Filing of Technical Report for the Maiden Mineral Resource Estimate at El Dorado Monserrat Project, Argentina
On December 24th, 2024, the Company announced that it has filed a technical report for its wholly owned El Dorado Monserrat gold and silver Project in Santa Cruz province, Argentina pursuant to National Instrument 43-101 "Standards of Disclosure for Mineral Projects" ("NI 43-101").
The Technical Report is titled "Maiden Mineral Resources Estimate on the El Dorado Monserrat Property, Gold and Silver Project Santa Cruz Province, Argentina" with an effective date of November 8, 2024, and was prepared by Mr. Mario Alfaro Cortés, Qualified Person (QP) as defined by Canadian National Instrument 43-101, Chilean Mining
Commission; and Mr.

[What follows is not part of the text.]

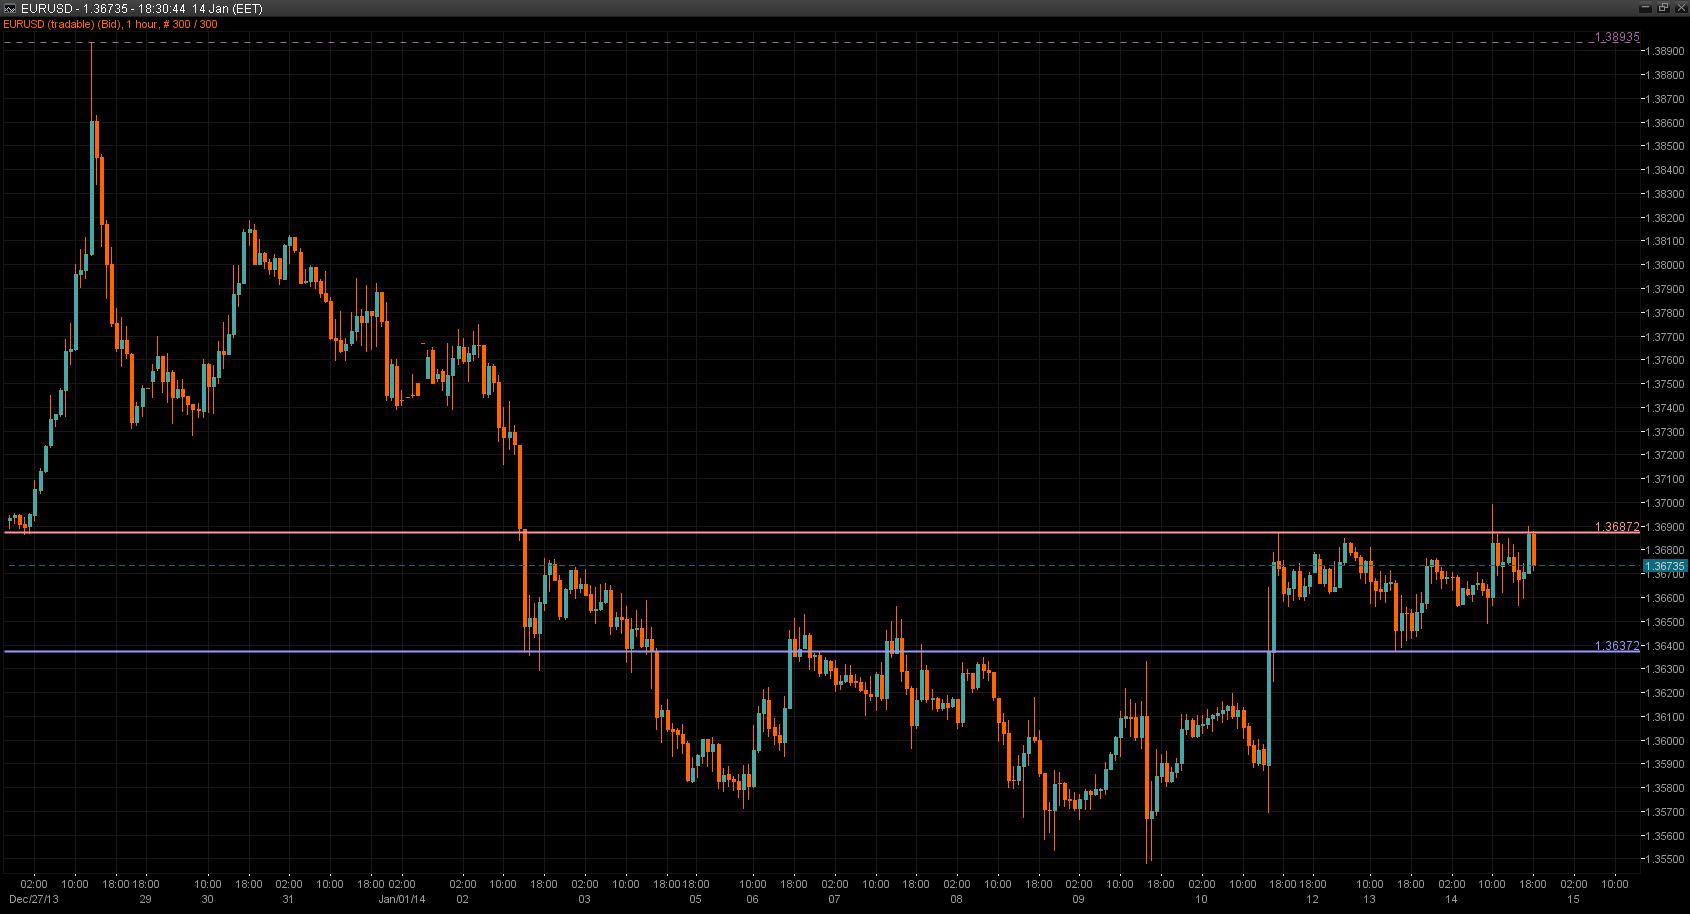 EUR/USD Chart 14 Jan 2014

Ganem Fernando, Qualified Person (QP) as defined by Canadian National Instrument 43-101, member of the American Institute of Professional Geologists.

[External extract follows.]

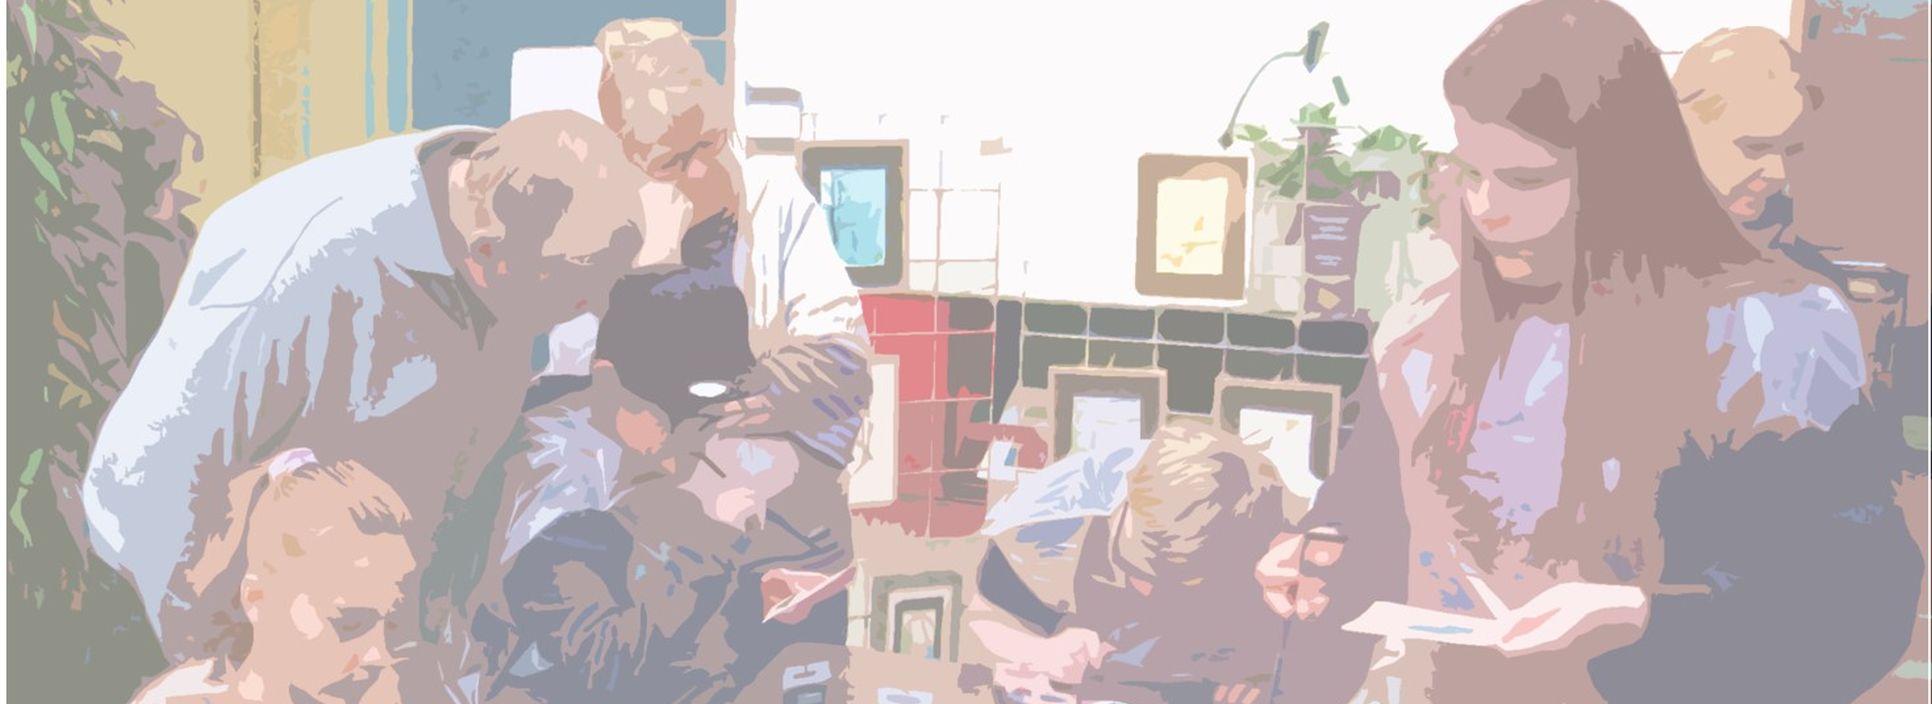 Kreativ Energi - Malerkurser for børn og voksne

Consolidation of the Common Shares:
The Board of directors of the Company has approved a share consolidation at a ratio of five pre-consolidated common shares in the capital of the Company for each one post-consolidation Common Share. Shareholders of the Company approved a resolution authorizing the Board to proceed with the Consolidation at a special meeting of shareholders held on October 23, 2024. The effect of this consolidation has been reflected in this MD&A.
Option Grant:
On December 24, 2024, the Company announced that it has granted 1,020,000 stock options to directors, officers and non-officers. Each Option is exercisable to purchase one common share of the Company at a price of $0.40 per Common Share, representing a significant premium to the market price of the Common Shares on the TSX Venture Exchange, for a period five years from the grant date.
The Options have been granted in accordance with the terms of the Company's stock option plan and have been granted to the directors and offices in lieu of accrued cash amounts payable for compensation for acting in those positions.